# TWITTER WEBSCRAPPING

Here we are going to webscrap the twitter accounts of the top-100 influencers in the cryptocurrency world. The first step is webscrapping the top100 accounts and then all the tweets they perfromed.

#### Data Sources:

Cryptocurrencies influencer ranking: "https://cryptoweekly.co/100/"

The following code has been adapted from:
https://codeburst.io/a-twitter-analysis-of-the-100-most-influential-people-in-crypto-bb95b2608925


In [3]:
# First we load the general packages:
import sys
import numpy as np
import pandas as pd
import matplotlib.pyplot as plt

In [4]:
from urllib.request import urlopen
from bs4 import BeautifulSoup as soup

def getTwitterHandles():
	# Fill in with url of page which is to be scraped
	url = "https://cryptoweekly.co/100/"

	# Retreives and parses page html
	client = urlopen(url)
	pageHtml = client.read()
	pageSoup = soup(pageHtml, "html.parser")

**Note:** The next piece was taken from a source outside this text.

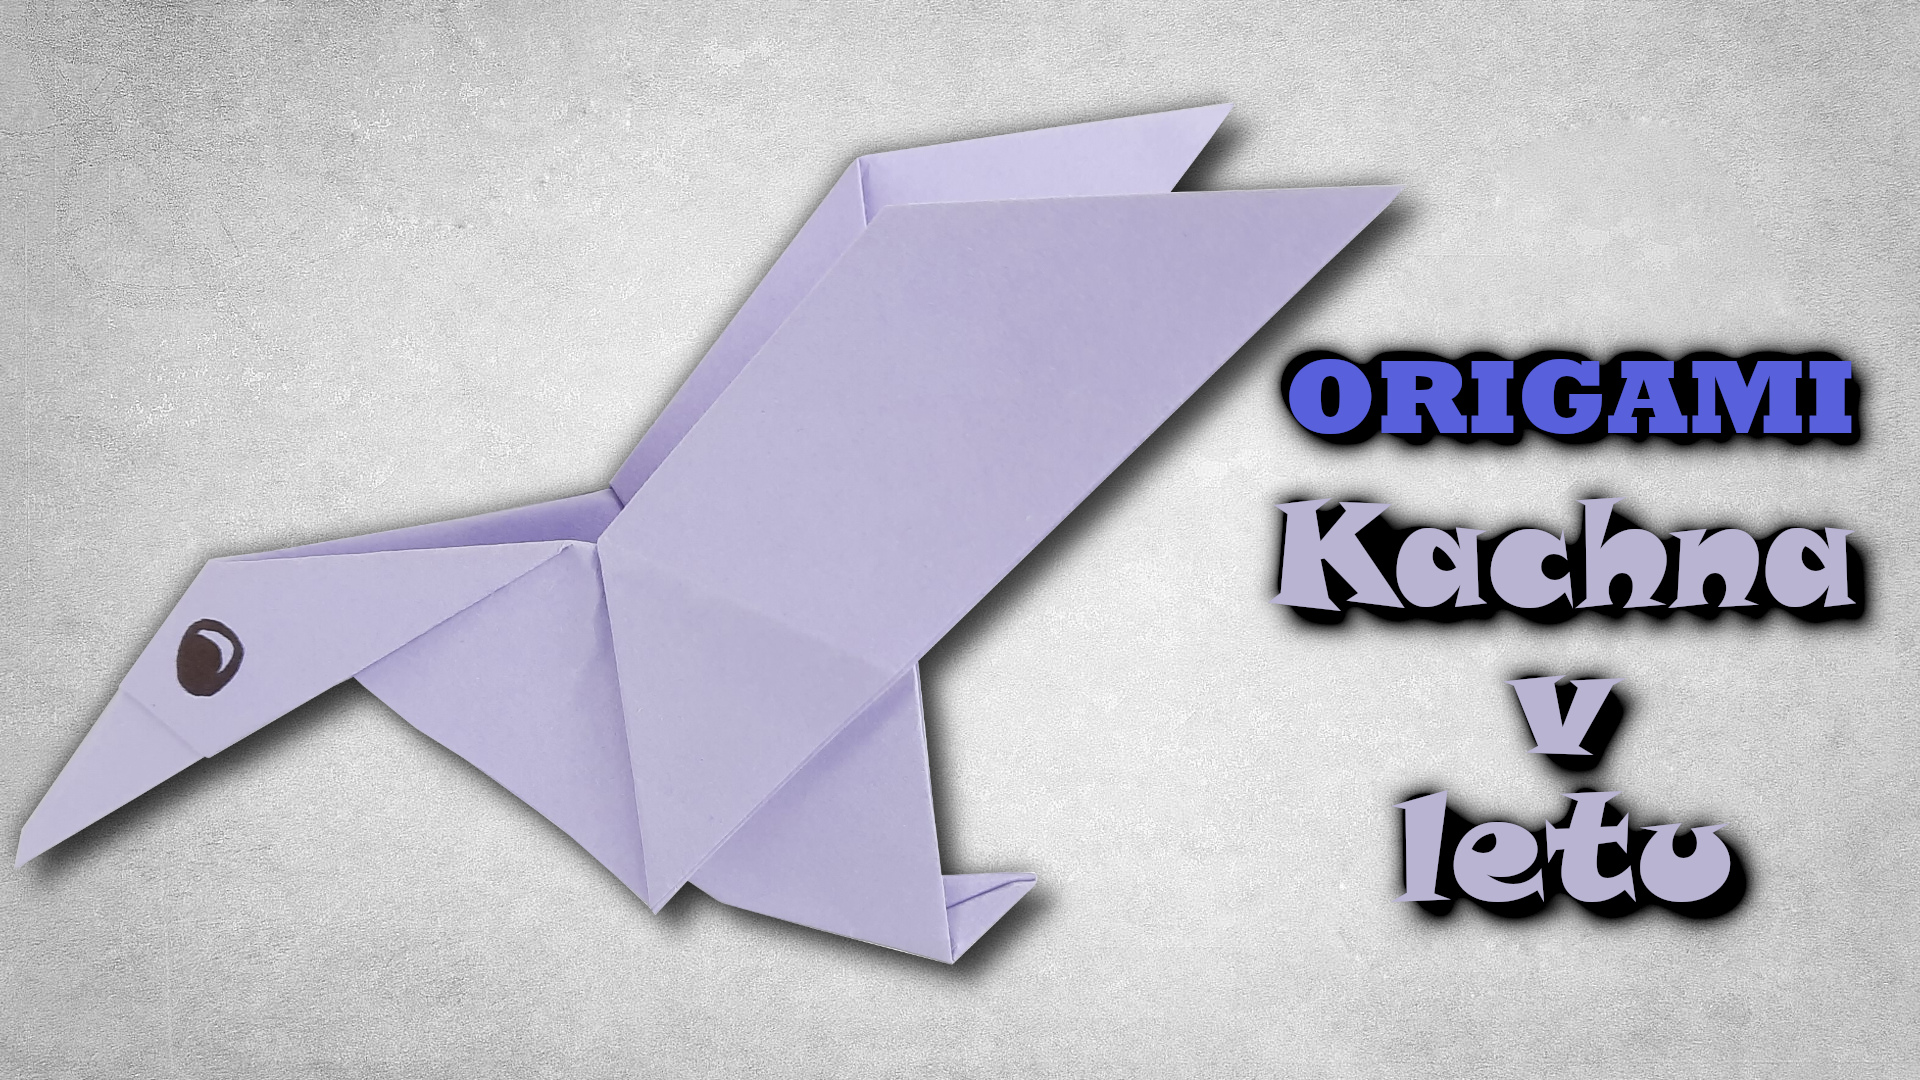 Origami Kachna v letu

	# Adds all Twitter handles to twitterHandles list
	profiles = pageSoup.findAll("div", {"class":"testimonial-wrapper"})
	twitterHandles = []
	for person in profiles:
		twitterHandles.append(person.findAll("div",{"class":"author"}))
	for i in range(len(twitterHandles)):
		twitterHandles[i]=twitterHandles[i][0].findAll("a")[0].text[1:]

	client.close()
	return twitterHandles


In [9]:
# Modified from: https://gist.github.com/yanofsky/5436496

import tweepy #https://github.com/tweepy/tweepy
import csv
import sys

# Twitter API credentials (expired, don't even try it)
consumer_key = ""
consumer_secret = ""
access_key = ""
access_secret = ""


def get_all_tweets(screen_name):
	print("Getting tweets from @" + str(screen_name))

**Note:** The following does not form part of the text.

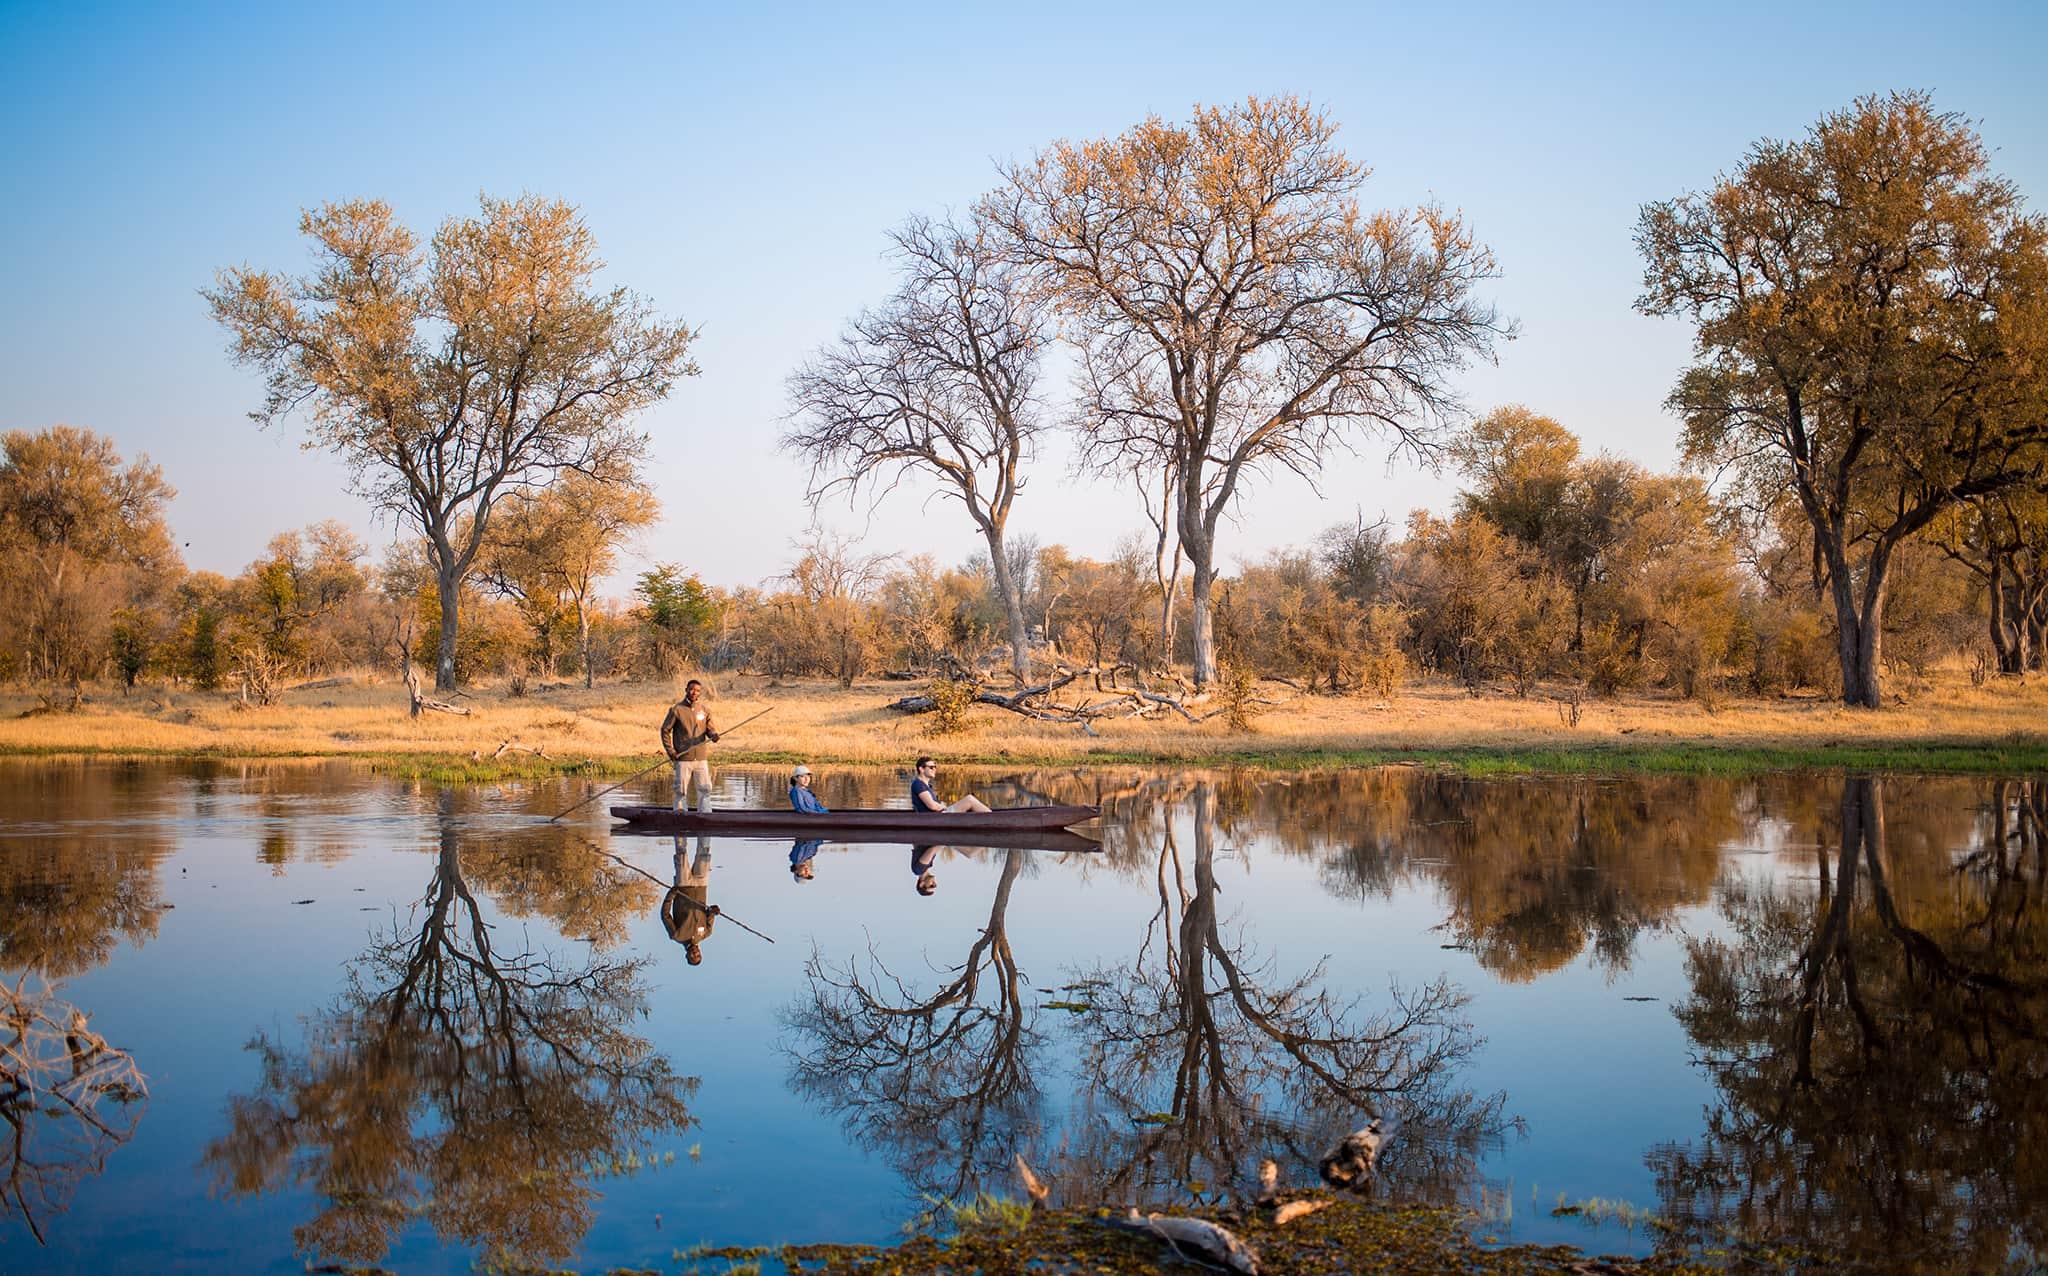 Safari on a mokoro boat on the Okavango Delta in Botswana

	#Twitter only allows access to a users most recent 3240 tweets with this method
	
	#authorize twitter, initialize tweepy
	auth = tweepy.OAuthHandler(consumer_key, consumer_secret)
	auth.set_access_token(access_key, access_secret)
	api = tweepy.API(auth)
	
	#initialize a list to hold all the tweepy Tweets
	alltweets = []	
	
	#make initial request for most recent tweets (200 is the maximum allowed count)
	new_tweets = api.user_timeline(screen_name = screen_name,count=200)
	
	#save most recent tweets
	alltweets.extend(new_tweets)
	
	#save the id of the oldest tweet less one
	oldest = alltweets[-1].id - 1
	
	#keep grabbing tweets until there are no tweets left to grab
	while len(new_tweets) > 0:
		print ("Getting tweets before %s" % (oldest))
		
		#all subsiquent requests use the max_id param to prevent duplicates
		new_tweets = api.user_timeline(screen_name = screen_name,count=200,max_id=oldest)
		
		#save most recent tweets
		alltweets.extend(new_tweets)
		
		#update the id of the oldest tweet less one
		oldest = alltweets[-1].id - 1
		
		print ("...%s tweets downloaded so far" % (len(alltweets)))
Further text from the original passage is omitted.